# 1 year old water heater



## super plumber (Oct 19, 2008)

check out this 1 year old water heater that was not heating. i replaced with electric heater.


----------



## Va. Plumber (Dec 8, 2008)

Did they tie the kitchen sink drain to that PVC? :blink:


----------



## A Good Plumber (Jun 18, 2008)

WOW!

It's a good thing it wasn't working, it might have caught fire.

PVC exhaust flue? 

Was that condensate rotting out the galvanized flue from the inside?


----------



## Wethead (Oct 13, 2008)

Ummmmm...what happened to that thing?


----------



## service guy (Jun 26, 2008)

Did the homeowner put it in? Or just hire a handyman?
Anyone can put a water heater in, right?:whistling2:


----------



## Wethead (Oct 13, 2008)

service guy said:


> Anyone can put a water heater in, right?:whistling2:


Its seems so by that pic, even the BLIND!!!!


----------



## rocksteady (Oct 8, 2008)

that's awesome. we should have a wall of shame for these pictures.








paul


----------



## A Good Plumber (Jun 18, 2008)

Is that a 3" flue x 3" PVC Fernco?


----------



## service guy (Jun 26, 2008)

I think I will print this photo and show it to customers when they ask why I have to pull a permit and get an inspection on every water heater replacement.:thumbup: "This heater is only one year old, installed without a permit. Is this the kind of work you want in your house?":no: My water heater sales would likely skyrocket.:laughing:


----------



## muck (Oct 10, 2008)

very artistic. i like all the angles with the copper


----------



## rocksteady (Oct 8, 2008)

yeah, it's funny when i see stuff like this. it would take me longer to attempt to do something like this than it would to do it right. somebody probably spent 3 hours and multiple trips to HD to get that heater "intalled". :thumbsup:







paul


----------



## Redwood (Sep 8, 2008)

I agree with Muck...
This is a very artistic installation.
I like the way it uses a wide range of plumbing fittings.
Variety is the spice of life.:thumbup:


----------



## super plumber (Oct 19, 2008)

this installation was done by 1 of the plumbers here in town. the water heater flue was tied into furnace vent pipe. i replaced with electric because of time constraints; x-mas eve, they had family coming next day needed hot water asap


----------



## ASUPERTECH (Jun 22, 2008)

super plumber said:


> this installation was done by 1 of the plumbers here in town. the water heater flue was tied into furnace vent pipe. i replaced with electric because of time constraints; x-mas eve, they had family coming next day needed hot water asap


 
Did they say any thing about your bill?


----------



## Kyle181 (Sep 5, 2008)

how ridiculous


----------



## super plumber (Oct 19, 2008)

ASUPERTECH said:


> Did they say any thing about your bill?

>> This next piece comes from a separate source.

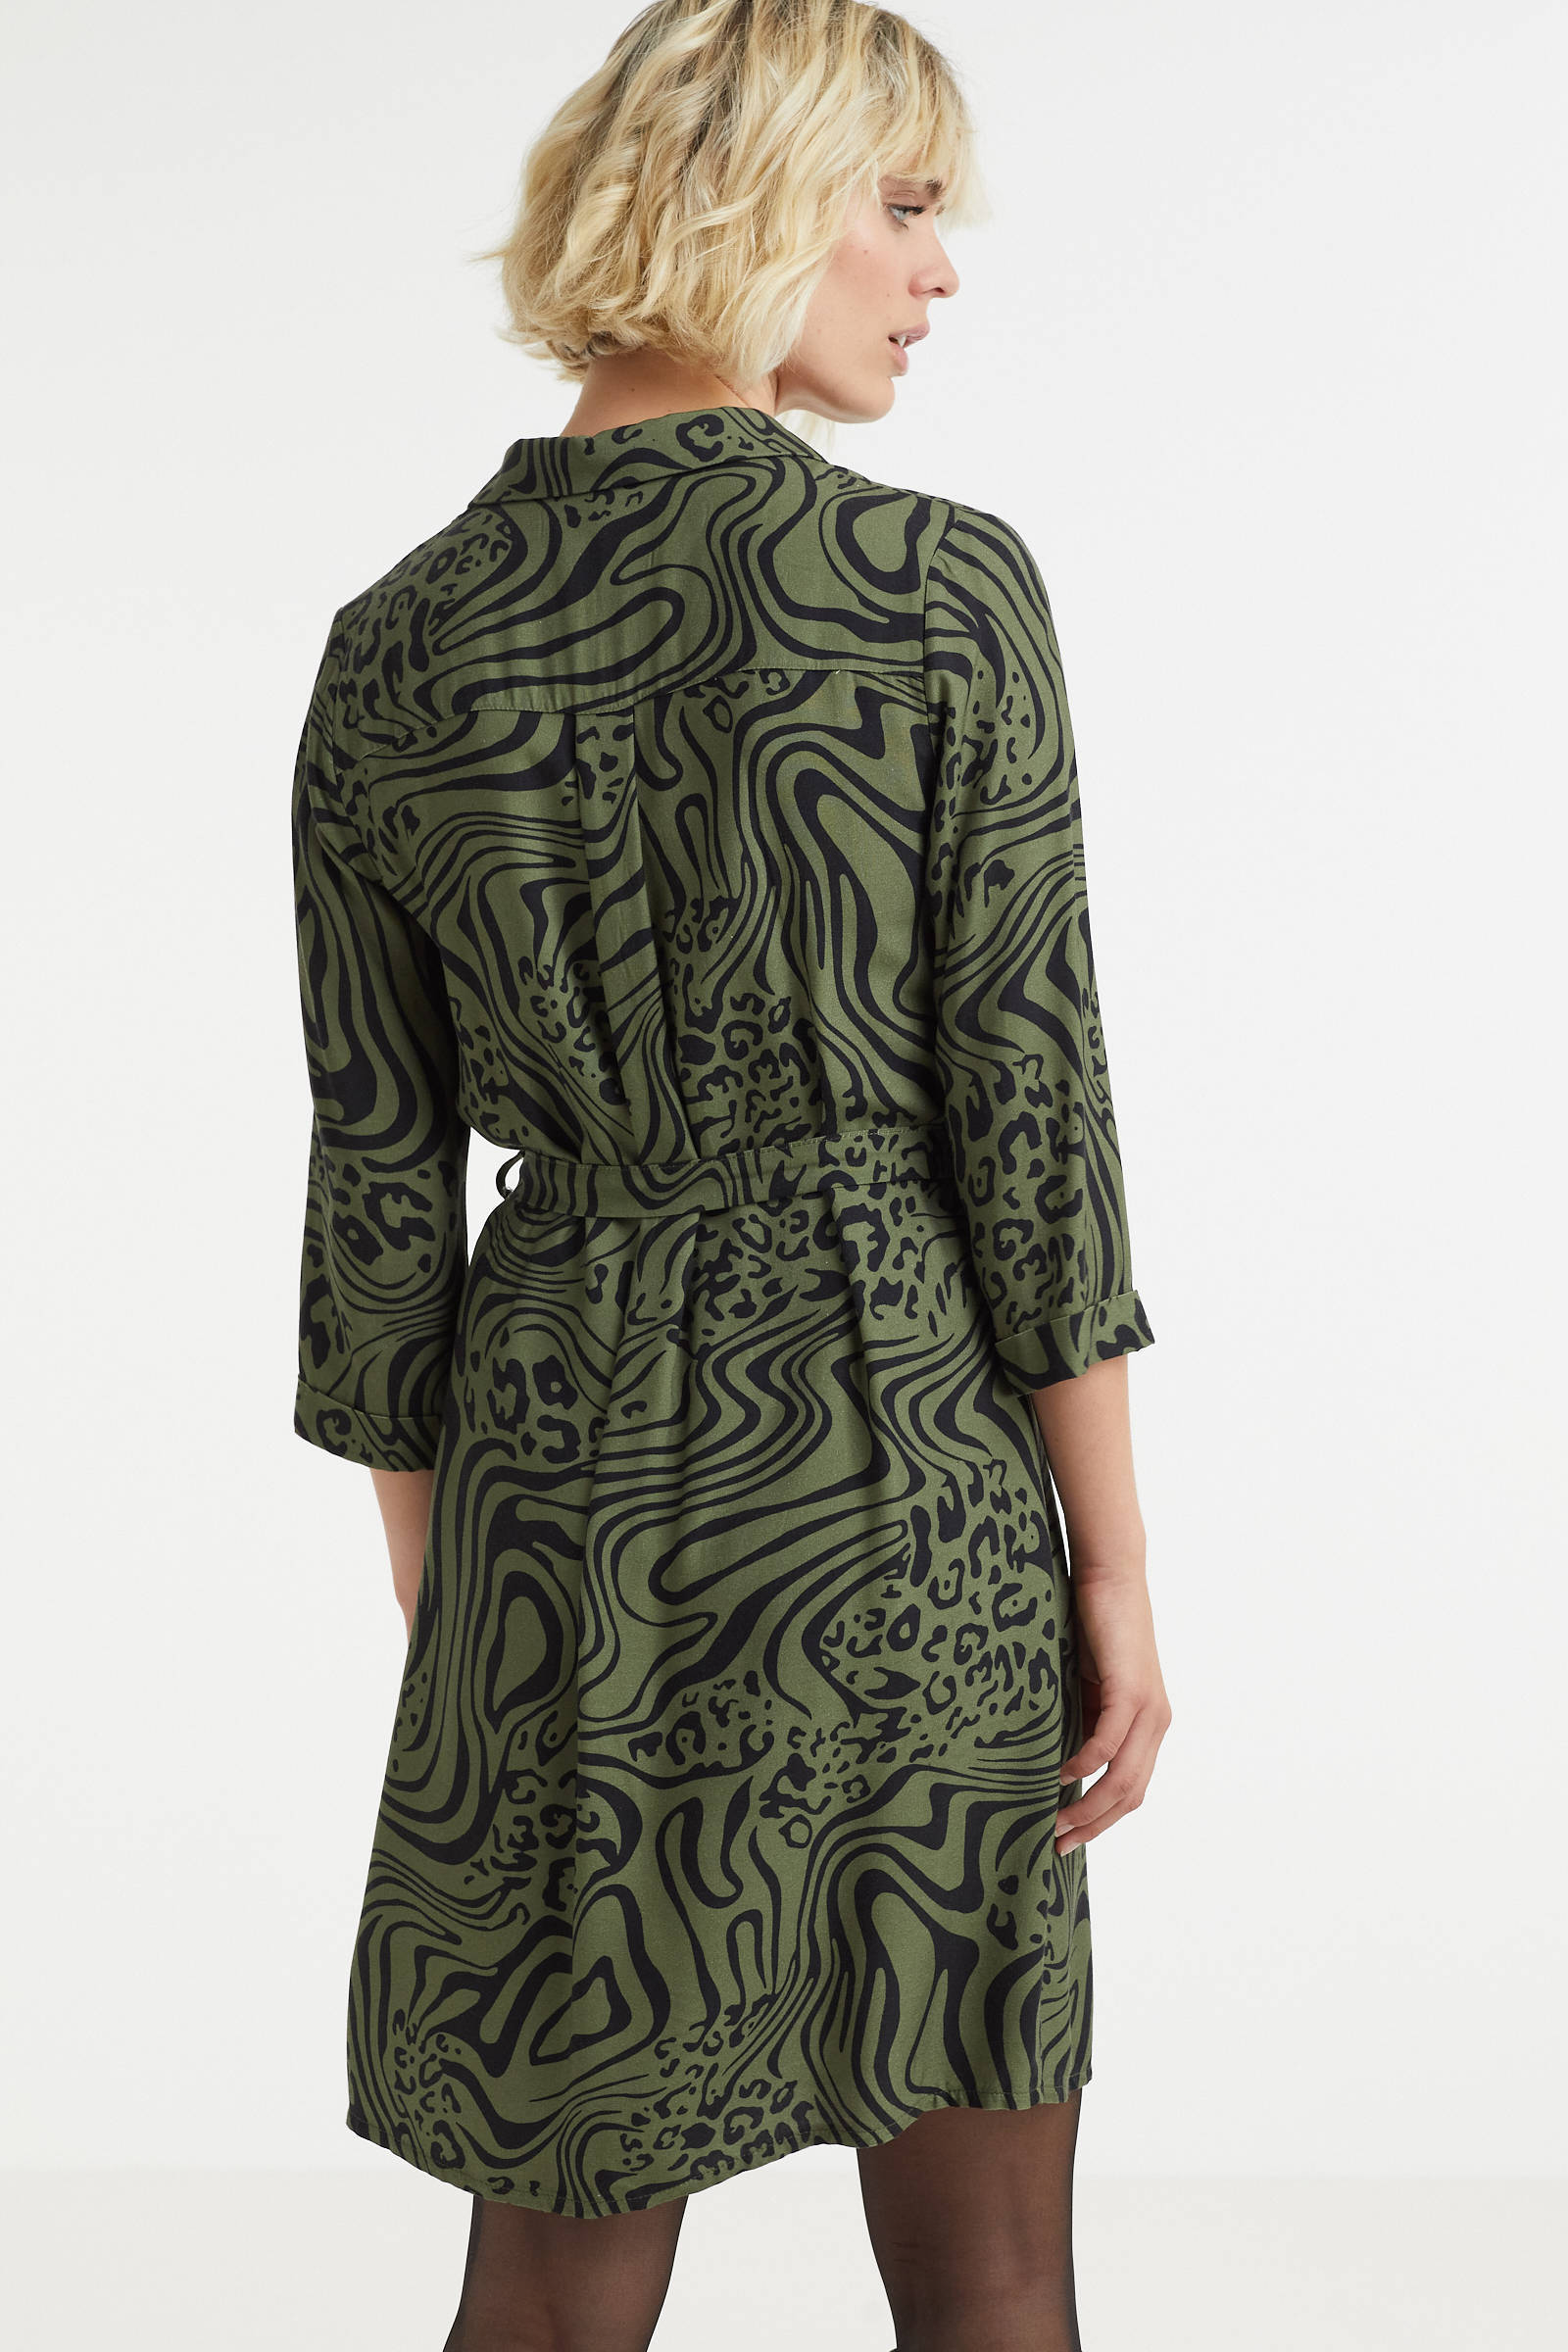 Smashed Lemon jurk met all over print groen/zwart online kopen

no, happy to have hot water and a safe home :thumbsup:


----------



## LIVBMI (Sep 12, 2008)

Verry professional he used dilectric unions. he also multi tasked connecting the sink to the water heater. i gess he did not know where to tie in the sewer.


----------



## richard (Jan 6, 2009)

in the uk this type of thing goes in a mag hall of shame !!!


----------



## para1 (Jun 17, 2008)

Sweeeeeeeet!!


----------



## Airgap (Dec 18, 2008)

Awesome:thumbup:.


----------



## ASUPERTECH (Jun 22, 2008)

richard said:


> in the uk this type of thing goes in a mag hall of shame !!!


 
Nathan is the "Hall of shame something we could do?" 
Really what I'm saying is... Is it something you can do cause I sure as heck don't know how.


----------